My family and I relocated to North Carolina from Texas almost a year and a half ago, so for the past two years, my friends and I have attended Women’s Empowerment which is held in April annually at PNC Arena in Raleigh. This event brings women from all walks of life to hear their favorite gospel artists perform, shop with local business owners and participate in seminars from topics concerning credit, skincare, and real estate investing. The full day of activities on the main stage include a fashion show, panel discussion and have hosted celebrity speakers Taraji P. Henson last year and Michael Strahan this year.

This year, I decided to bring my daughter with me and she talked about her experience for days after the event.

One of the seminars that I attended talked about credit repair, which is a pretty hot topic. It reminds me of my college days when the credit card companies would sit in the area that us students would congregate between classes and have us sign up to get a free t-shirt. A lot of us were unaware of the headaches we would be setting ourselves up for.

Photo credit

Credit is a good thing when used effectively, so I want to share a few high-level tips to help you avoid some of the mistakes that I have made and have seen others make.

1. Know your score. You can get a free credit report from creditkarma or annually request a free copy from the credit reporting agency websites: transunion, experian, equifax

2. If you have any inaccurate information on your credit report, it can be disputed on each of the reporting agency’s website. You can also mail a certified letter to each reporting agency to dispute the tradeline inaccuracy. Credit repair is a marathon and not a sprint, so you can avoid paying someone for this service by doing it yourself.

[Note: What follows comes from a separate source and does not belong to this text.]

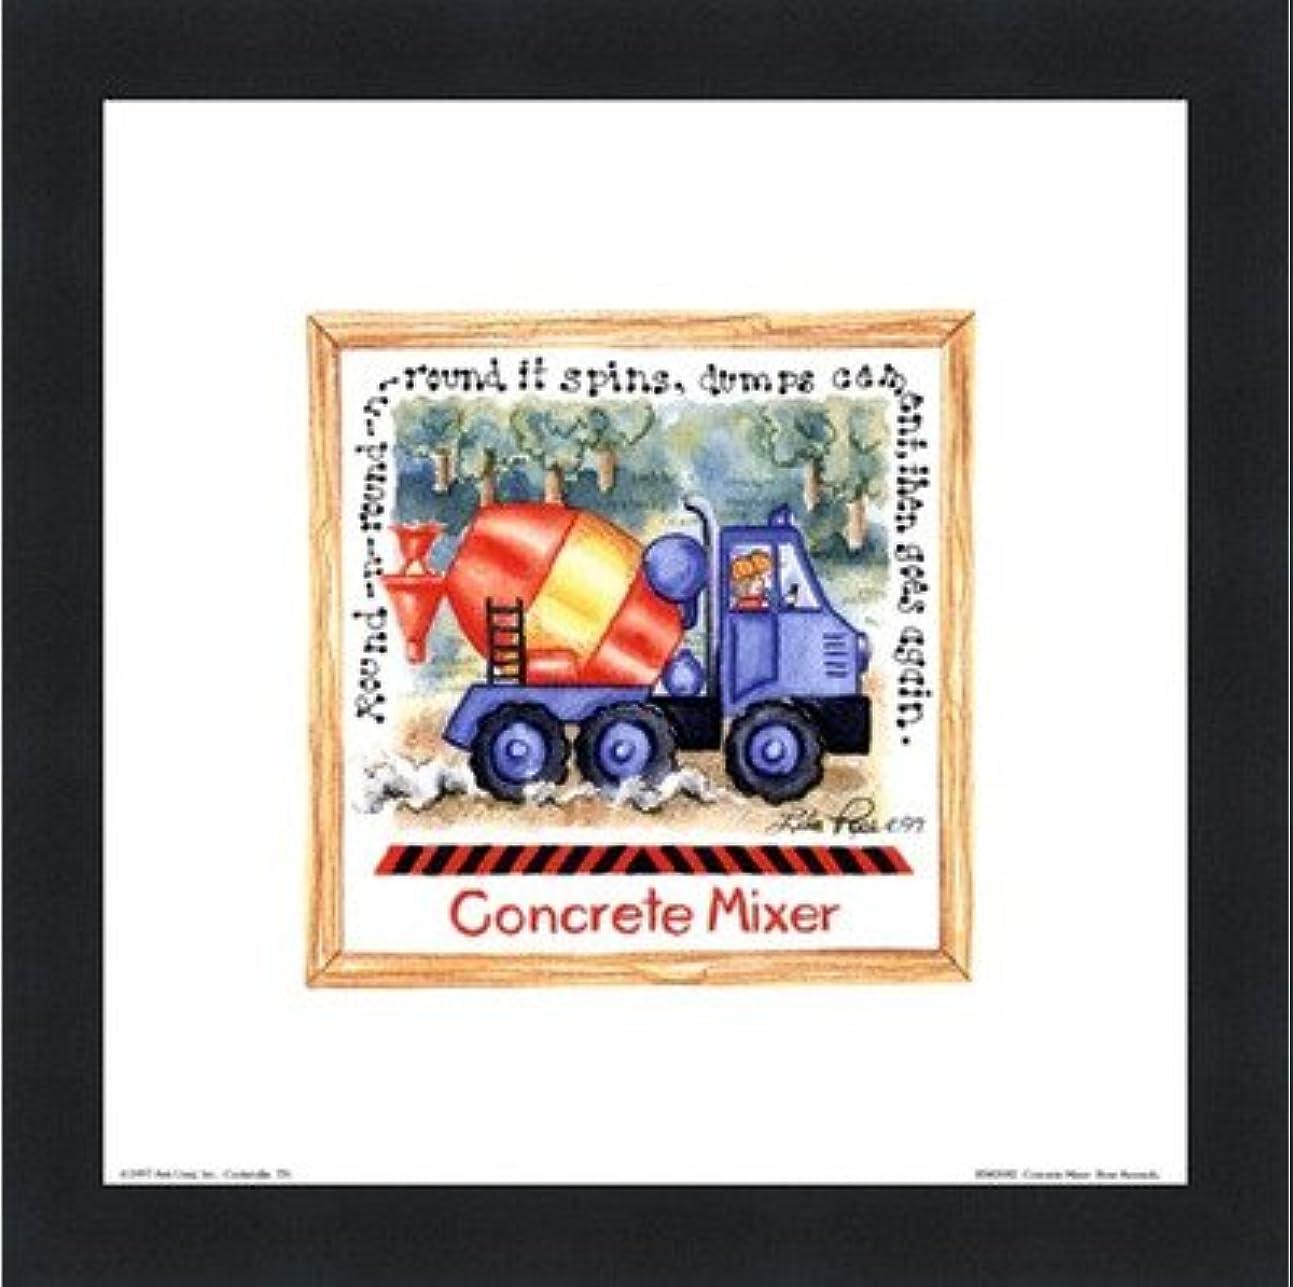 摘むどんなときも知事コンクリートミキサーby Lila Rose Kennedy – 8 x 8インチ – アートプリントポスター LE_391264-F101-8x8

3. Don’t bite off more credit than you can chew. If at all possible pay off your entire credit card balance each month. If that is not possible, at a minimum send in your minimum payment. A trick to help avoid credit dings or late payments is to set up an automatic draft of your monthly payment through your credit card company.

4. Keep your account utilization low. An example of this principle is when having a $1000 credit limit only using $200 of that limit at a given time.

5. Do not close old accounts. This can negatively impact your score.

6. Minimize the amount of inquiries or credit pulls that you have on your credit.

Credit repair is usually a topic of discussion when people are looking to buy a car, get a credit card or purchase a home. It amazes me that the things credit affects that you would not suspect. For example, interest rates on vehicles, credit cards, mortgages, and premiums on your insurance to name a few.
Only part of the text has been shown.